GitHub Repository

Out-of-the-box Source Code Repository Integration

Introduction

The LeanIX VSM GitHub Repository integration offers the automated out-of-the-box creation and updating of LeanIX Software Artifact Fact Sheets. In this way, we provide repository information that can be linked to Software Artifacts to understand which Software Artifact are owned by which Teams. The integration also provides Software Artifact portfolio view that allows everyone in the organization to find the right Software Artifacts and know what Teams are owning them. VSM is focused on the high-level information of Repos.

2558

Integrate with GitHub to:

  • bring in repo data as Software Artifacts
  • augment your Software Artifacts with relations to owning teams and also used technologies

Setup

The GitHub repository connector scans your GitHub organization(s) to fetch your GitHub repositories that are not archived and adjacent information, such as Teams and Programming Languages used.

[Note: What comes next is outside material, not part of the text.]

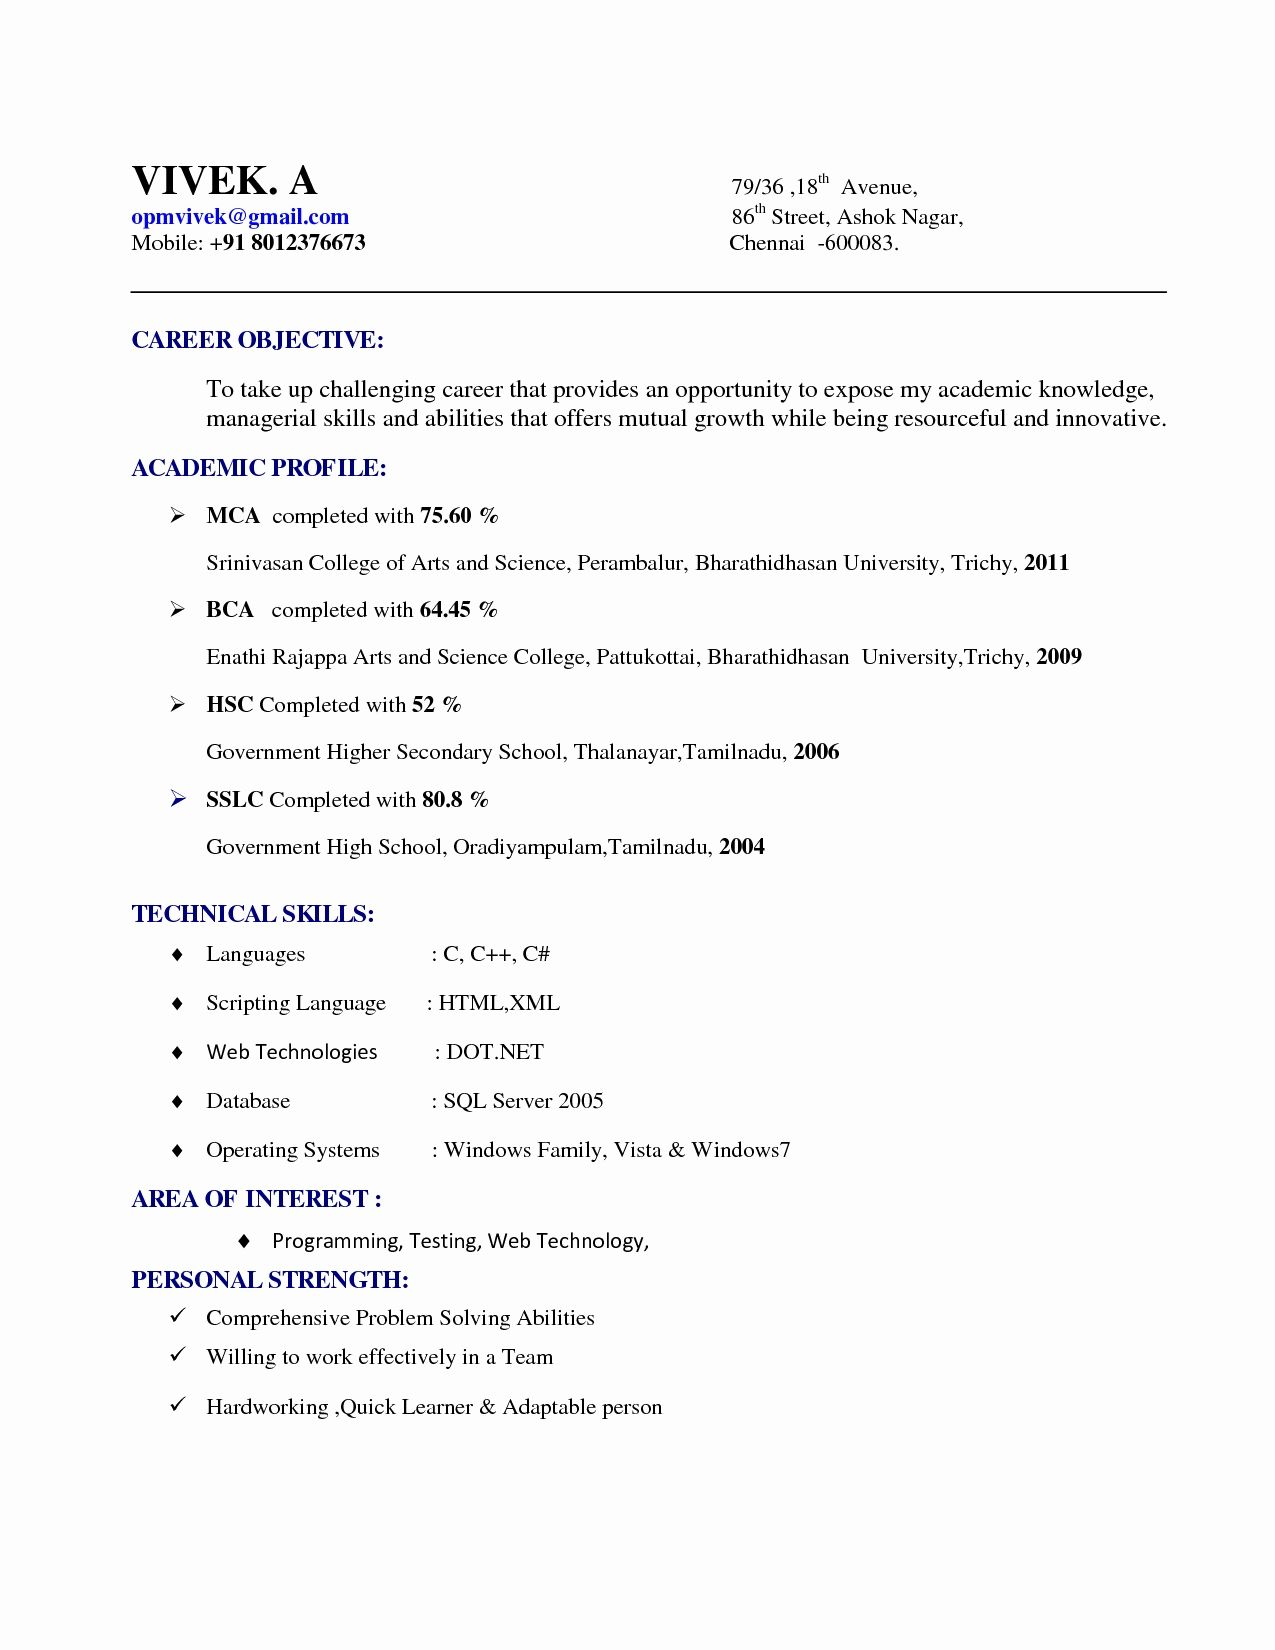 Resume Format India Resume Format Pinterest Resume Format

The integration can be set up in full self-service via the Admin UI.

🚧

Support of GitHub versions

This connector currently only supports the GitHub Cloud-hosted versions (both free & enterprise)

This integration doesn't require any installation of a plugin-in, as the Integration Hub handles the entire integration.

Configuration in GitHub

To integrate GitHub with LeanIX VSM you need two inputs: 1) a Personal Access token 2) the GitHub organization(s). Here's how to get a hold of both:

1. Creating a Personal Access Token

  1. Please refer to the GitHub instructions
  2. Ensure you enable the following scopes:
    a) repo
    b) repo:status
    c) repo_deployment
    d) public_repo
    e) repo:invite
    f) security_events
    g) read:org
777

GitHub scopes to be set

📘

Authorizing for Single Sign On

If your GitHub Organization requires Single-Sign-On, then you will also need to authorize the token for single-sign-on (see below) or follow the detailed instructions via GitHub documentation.

839

Authorizing for organizations with SSO

2. Fetching GitHub organization(s)

To see the names of your managed organizations, follow these instructions

2401

Configuration in VSM

In your LeanIX VSM workspace, go to Administration > VSM Integrations and follow the instructions to set up the GitHub integration.

1001

GitHub Repository Integration setup in the Admin UI

📘

Sync Logging

Open "Sync Logging" tab to get understand the progress of your current integration run. Sync Logging also provides information on previous integration runs

2516

Options

Below are several ways to extend the base functionality of the GitHub repository integration to best tailor to your needs.

Monorepos

A monorepo is a software development strategy where code for many projects is stored in the same repository. The integration also detects a monorepo out of the box. If the parent repository is archived, all child repositories will be considered archived. Following is a guide to mark a repository as monorepo.

Step 1 | GitHub

  1. Add the sub-repository marker/ manifest file in respective directories. It can be any file, it just needs to be consistent across all monorepos.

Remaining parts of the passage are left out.